Graphemic space

alice · Post by **alice** » Tue Oct 19, 2021 3:13 am

By analogy with the tendency of vowel qualities to spread out evenly across the possible vocalic space, is there anything comparable for graphemes ("letters of the alphabet")? This might explain why conlangers who try to create conscripts based on cursive handwriting have trouble coming up with graphemes which are satisfactorily different from those of the Roman or Cyrillic alphabets, for example. It does, however, necessitate a taxonomy of graphemes which probably doesn't exist yet; any thoughts?

bradrn · Post by **bradrn** » Tue Oct 19, 2021 3:35 am

alice wrote: ↑Tue Oct 19, 2021 3:13 am By analogy with the tendency of vowel qualities to spread out evenly across the possible vocalic space, is there anything comparable for graphemes ("letters of the alphabet")? This might explain why conlangers who try to create conscripts based on cursive handwriting have trouble coming up with graphemes which are satisfactorily different from those of the Roman or Cyrillic alphabets, for example. It does, however, necessitate a taxonomy of graphemes which probably doesn't exist yet; any thoughts?
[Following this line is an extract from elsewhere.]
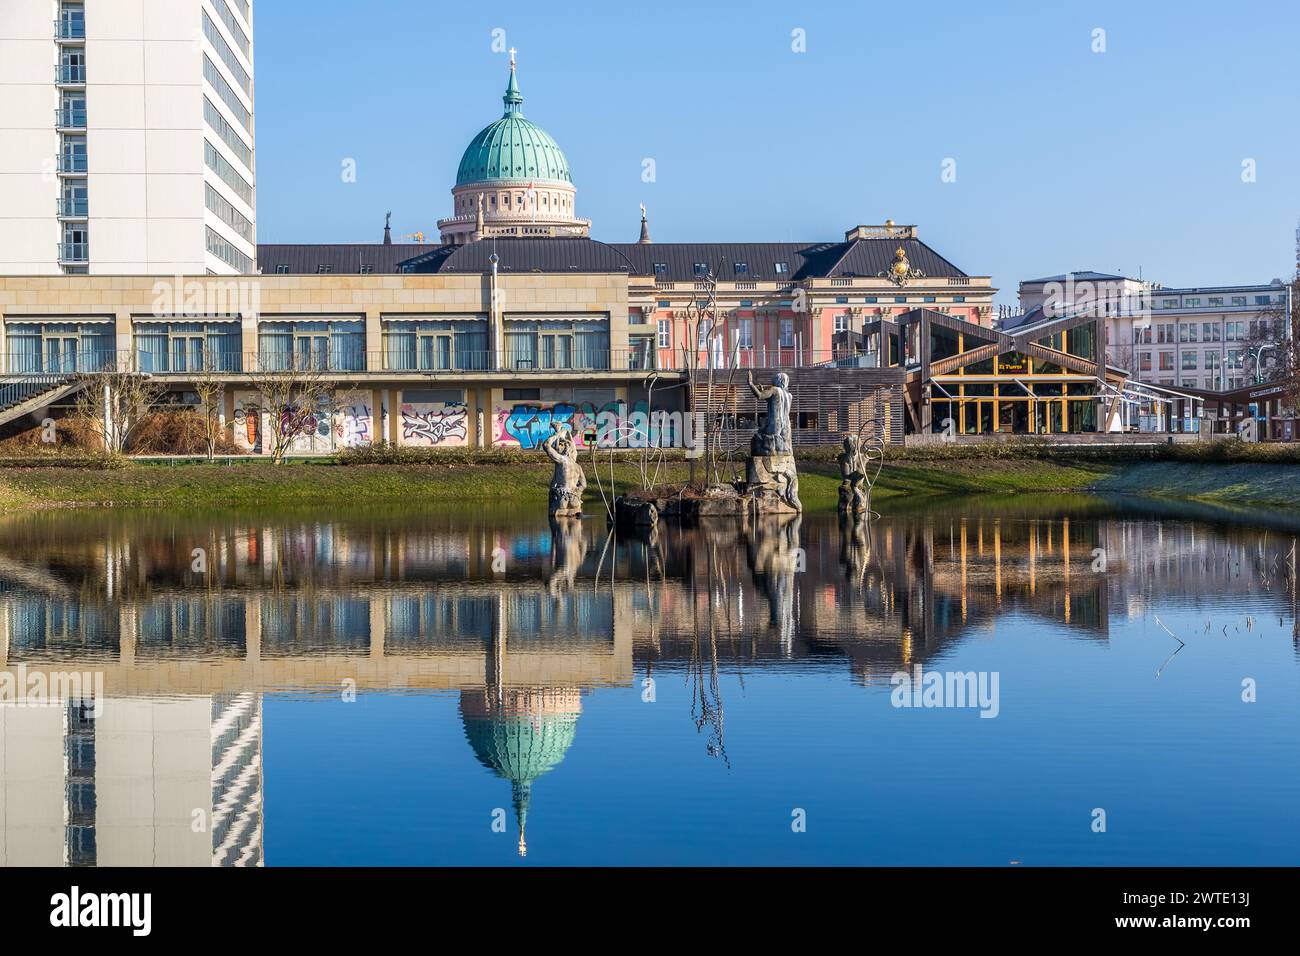 City view of Potsdam with the façade of the former city palace, the simple brutalist architecture of the Mercure Hotel and the Neptune Basin with steel fog light sculpture 'Neptune's Triumph'. Lustgarten, Potsdam, Brandenburg, Brandenburg, Germany Stock Photo

I have wondered about this idea myself. I think zompist has also suggested something similar. But my understanding of real-world writing systems suggests otherwise: writing systems seem to have no problem with graphemes being excessively close to each other. Thai is an especially prominent example here, but writing systems as diverse as Kurrent, Geʼez, Tangut and Cherokee all show the same phenomenon. The most that could be said is that writing systems tend to evolve to make letters more distinguishable. (This article on Thai is especially interesting here.)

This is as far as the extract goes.